Share your dilemmas and get honest opinions from other Mumsnetters.

to think mixing up your food on a plate is bad manners?

292 replies

Moonatic · 14/10/2015 21:15

This is dh I'm talking about. Made a pastry-topped chicken and leek pie at the weekend. Served with sweetcorn and carrots. Before eating it, he cut his whole serving into small pieces (size of a penny), then mixed it up. I got really annoyed, as dis the kids and asked him not to eat that way, because it was really bad manners. He said it wasn't. Who is right?

To add: this was just one example. If it's mixable, it gets mixed up. Cottage pie, fish pie, lasagne, pasta, curry and rice - it all turns into a big plate of mush.

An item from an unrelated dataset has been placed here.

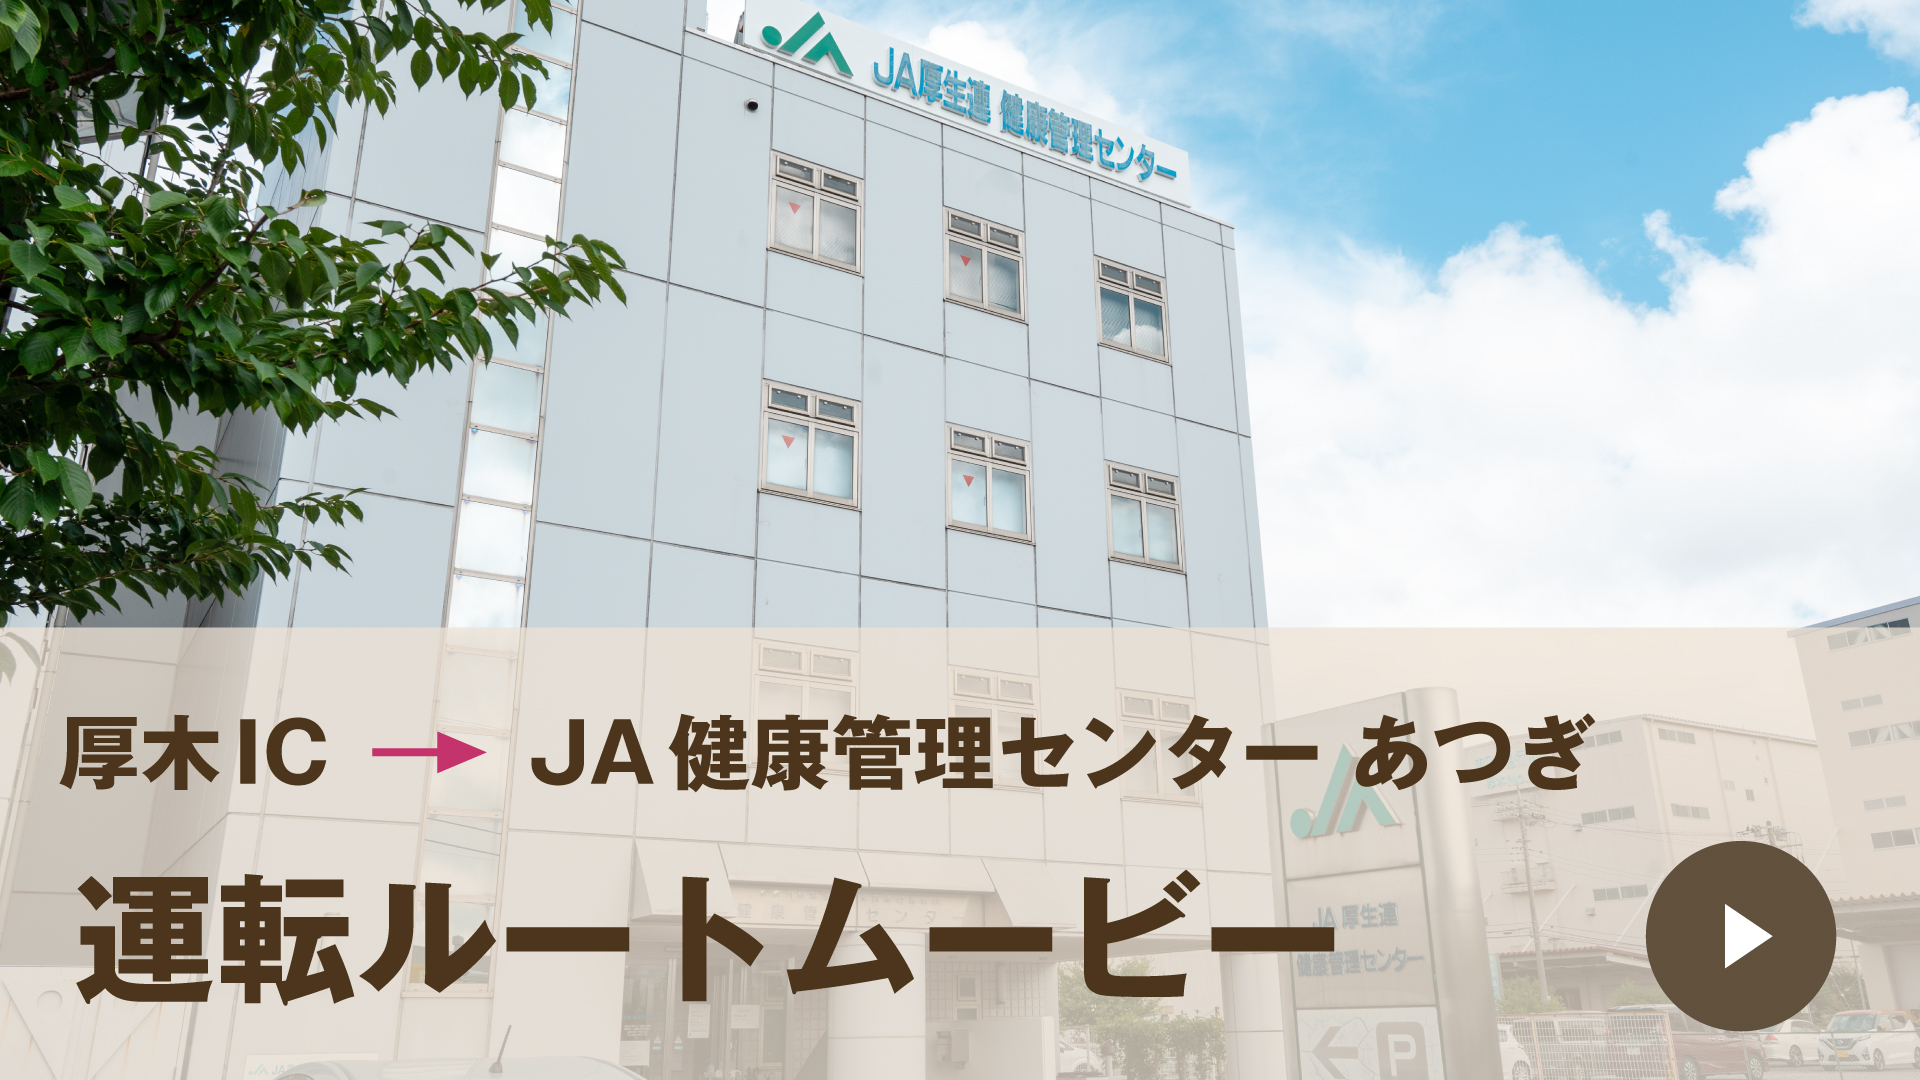 JA神奈川厚生連 健康管理センターあつぎ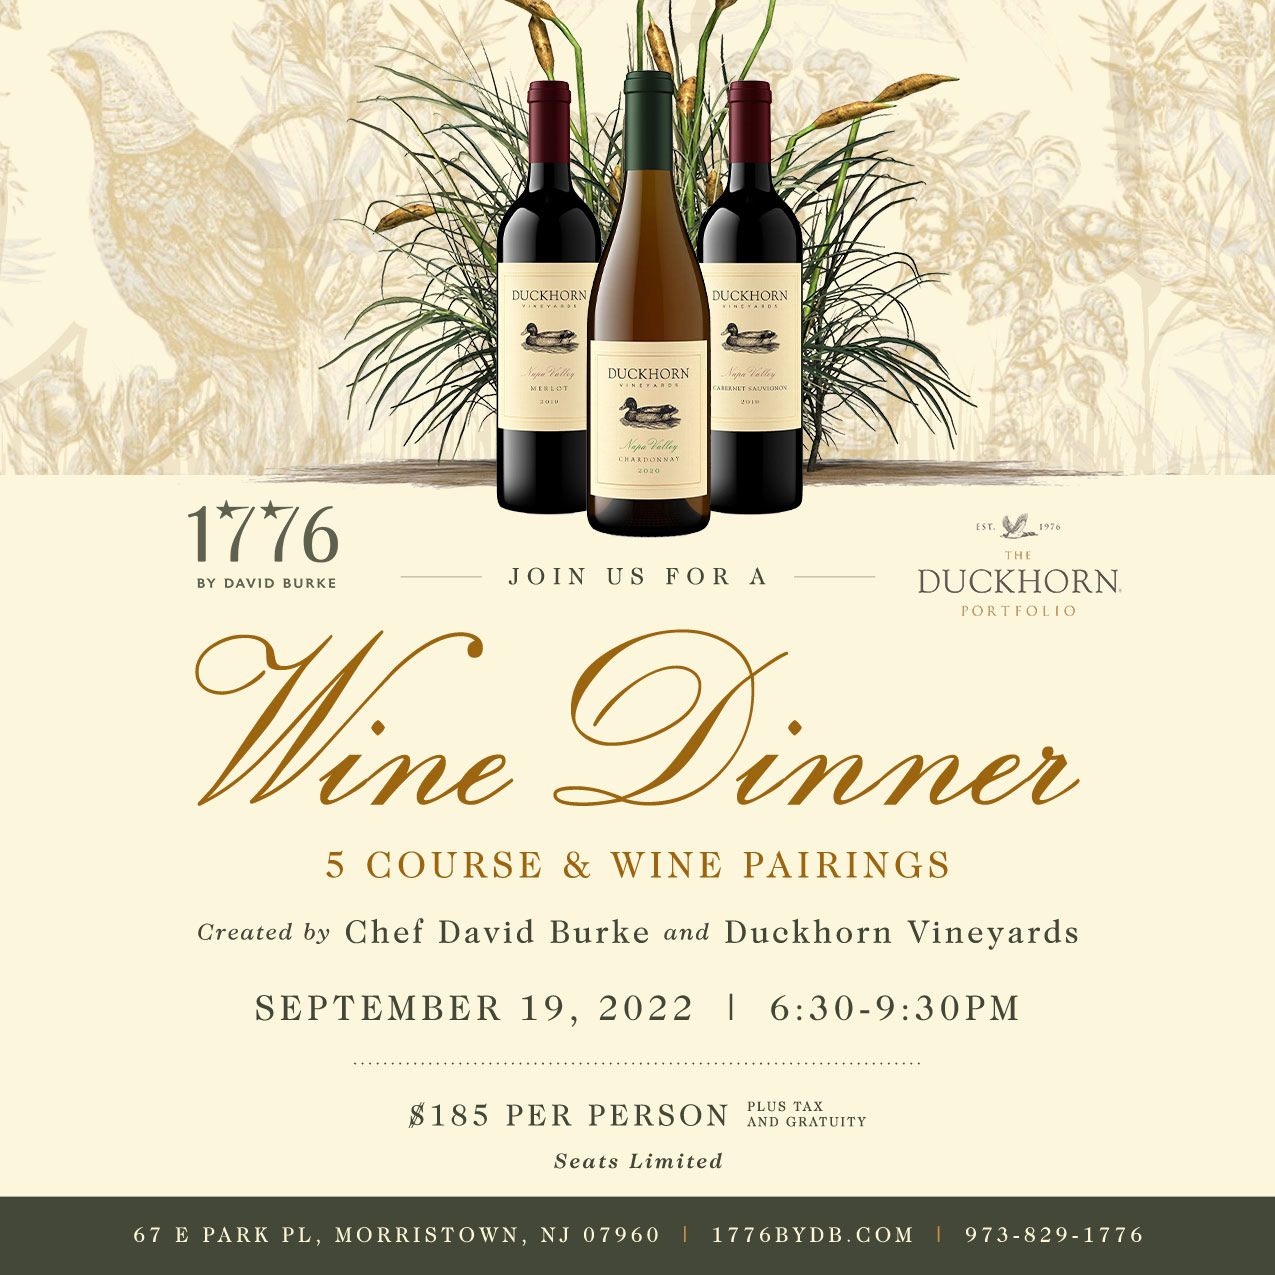 Buckhorn Wine Dinner September 19, 2022

There is also a sub-question: is it rude to cut your food into small pieces before eating it? By which I mean, cutting everything into small bite size pieces before starting to eat. Again, I say it is, dh says it isn't. (This is what he does with food that is less easily mushed up - e.g. something like chops, new potatoes and vegetables.

OP posts:
pictish · 15/10/2015 09:01

I'm with you OP and I promise I'm not hung up on table manners or uptight in general. I would find the sight of meal all churned up into a heap like a slops bucket would turn my stomach a bit. I wouldn't ever think to say anything but I'd not want to look at their plate when I was eating too.
I do consider that to be my problem though.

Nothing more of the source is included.